Information shown:

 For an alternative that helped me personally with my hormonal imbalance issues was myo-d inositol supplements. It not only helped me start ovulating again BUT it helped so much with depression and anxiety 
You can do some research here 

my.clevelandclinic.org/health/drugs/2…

Exercise details:
Type the data again exactly. Leave nothing out.

Output for this task:
 For an alternative that helped me personally with my hormonal imbalance issues was myo-d inositol supplements. It not only helped me start ovulating again BUT it helped so much with depression and anxiety 
You can do some research here 

my.clevelandclinic.org/health/drugs/2…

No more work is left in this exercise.